Expected mean number of TCs in 8x8º cells in the target area for the calibration time period (1982-2019), including the historical TC tracks:

Plot_calibration_period(xds_timeM, xds_timeline, df, 1, lo_area, la_area);
_images/03_Statistical_Downscaling_93_0.png

Expected number of TCs reaching category 3 or greater in 8x8º cells in the target area for the calibration time period (1982-2019), including the historical TC tracks:

Plot_calibration_period_cat3(xds_timeM, xds_timeline, df, 0.6, 8, lo_area, la_area);
_images/03_Statistical_Downscaling_95_0.png

Expected number of TCs in 8x8º cells in the target area for year 2015 (El Niño) of the calibration time period (1982-2019) including the historical TC tracks coloured according to their category:

Plot_cali_year(2015, xds_timeline, xds_timeM, df, 35, lo_area, la_area, figsize = (18, 15));
_images/03_Statistical_Downscaling_97_0.png
  • The model generally performs very well since it effectively and accuretly estimates the TC activity (quantity and intensity of TCs).

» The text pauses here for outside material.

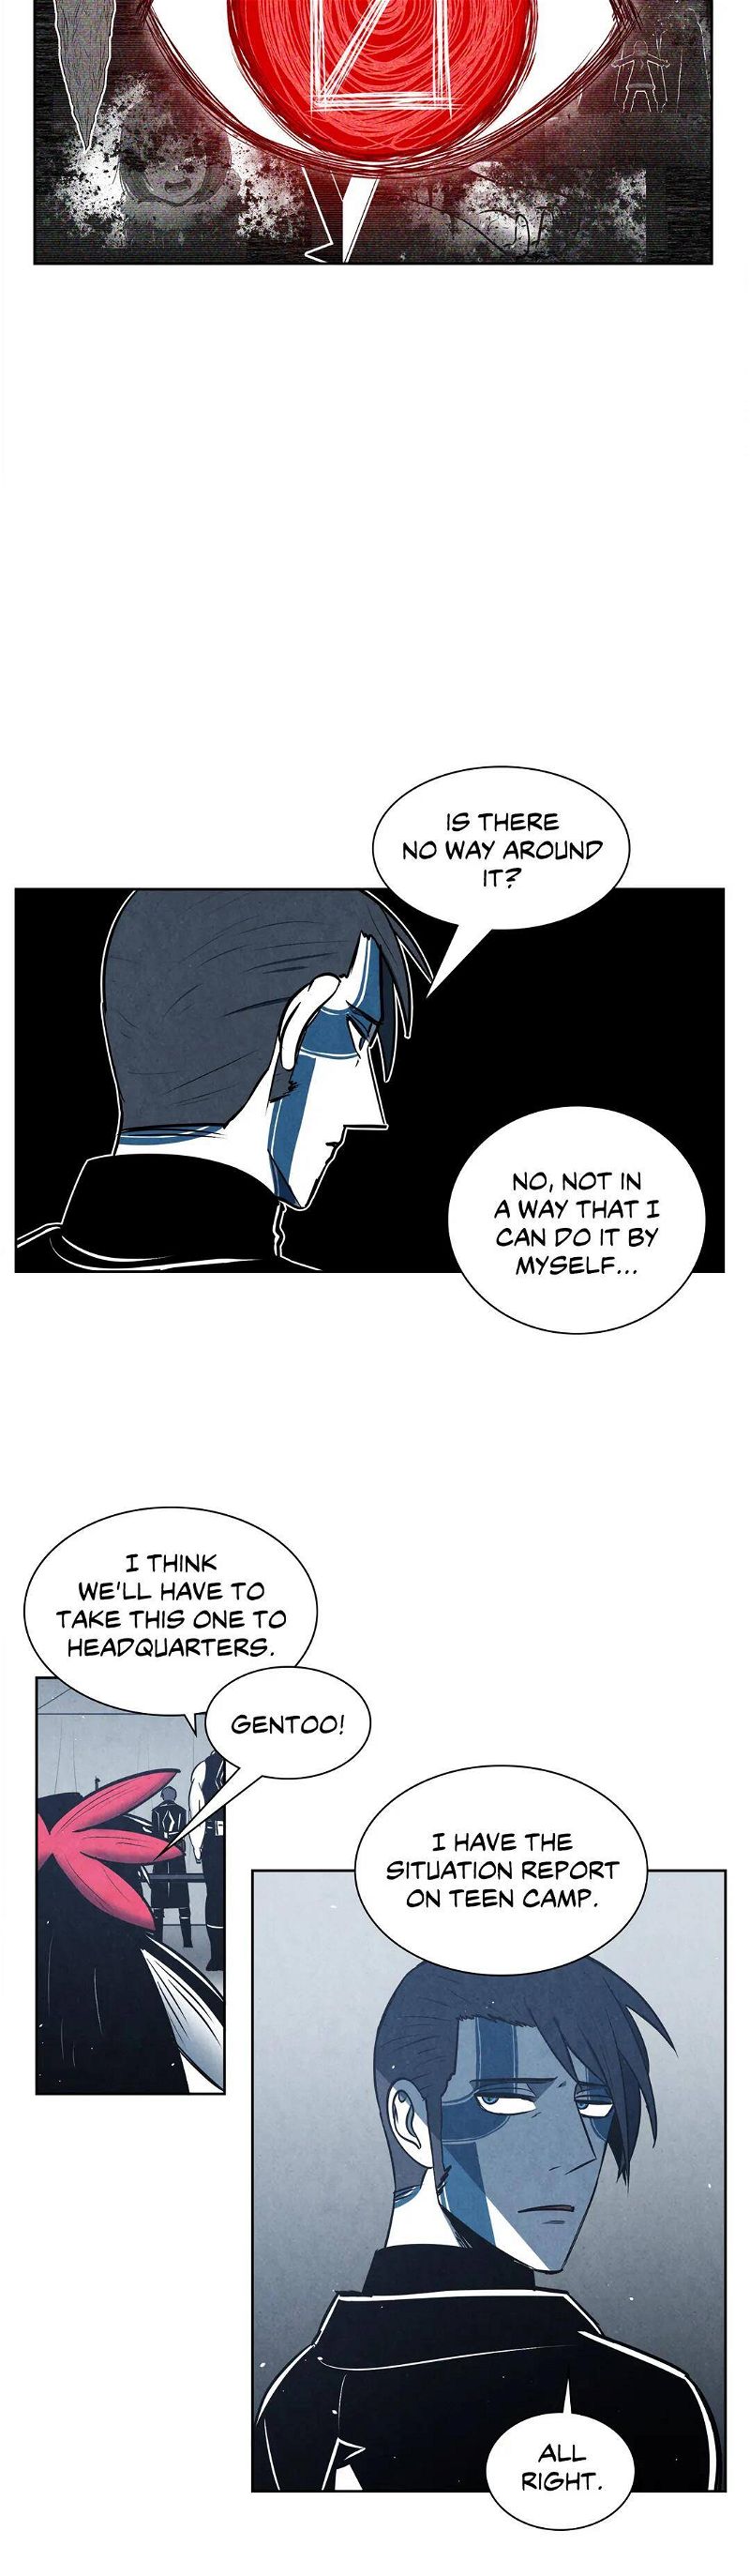 The Ashen Snowfield Chapter 15 page 4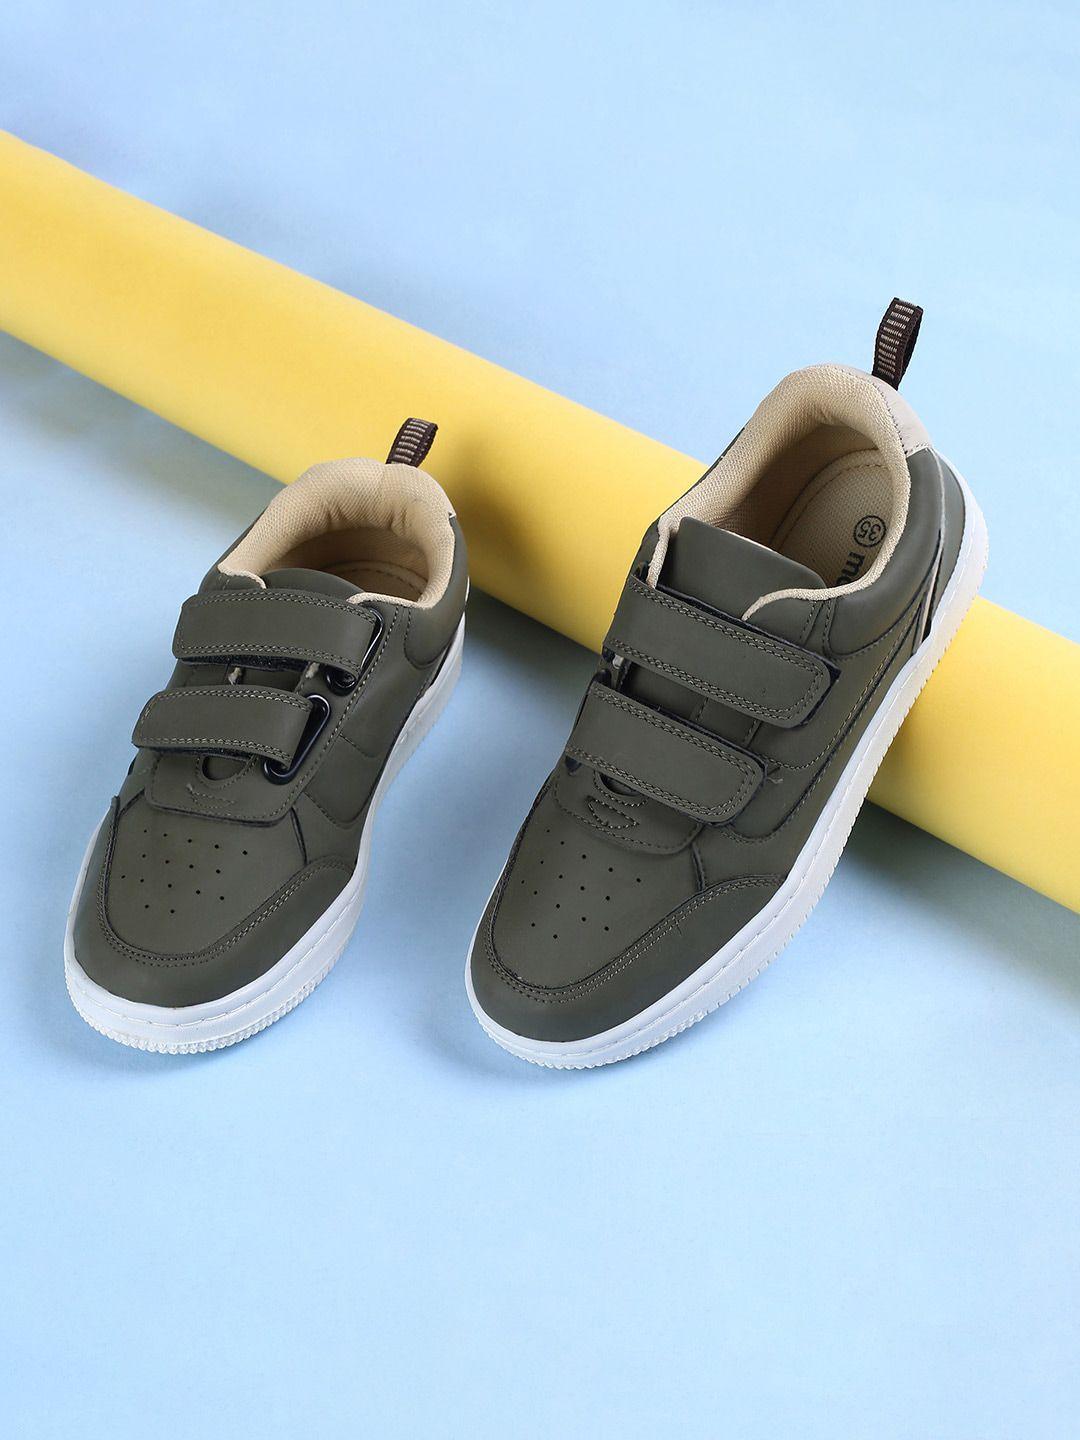 max-boys-perforated-canvas-velcro-sneakers

  • In some zones (depending on the month) the model overstimates the number of TCs since rather than predicting the exact path followed by the TC track it predicts the track and its area of infuence (surroundings).

  • When a TC is very intense or very close in dates to the previous or following month it leaves its footprint (like Pam from 07/03/2015 in February).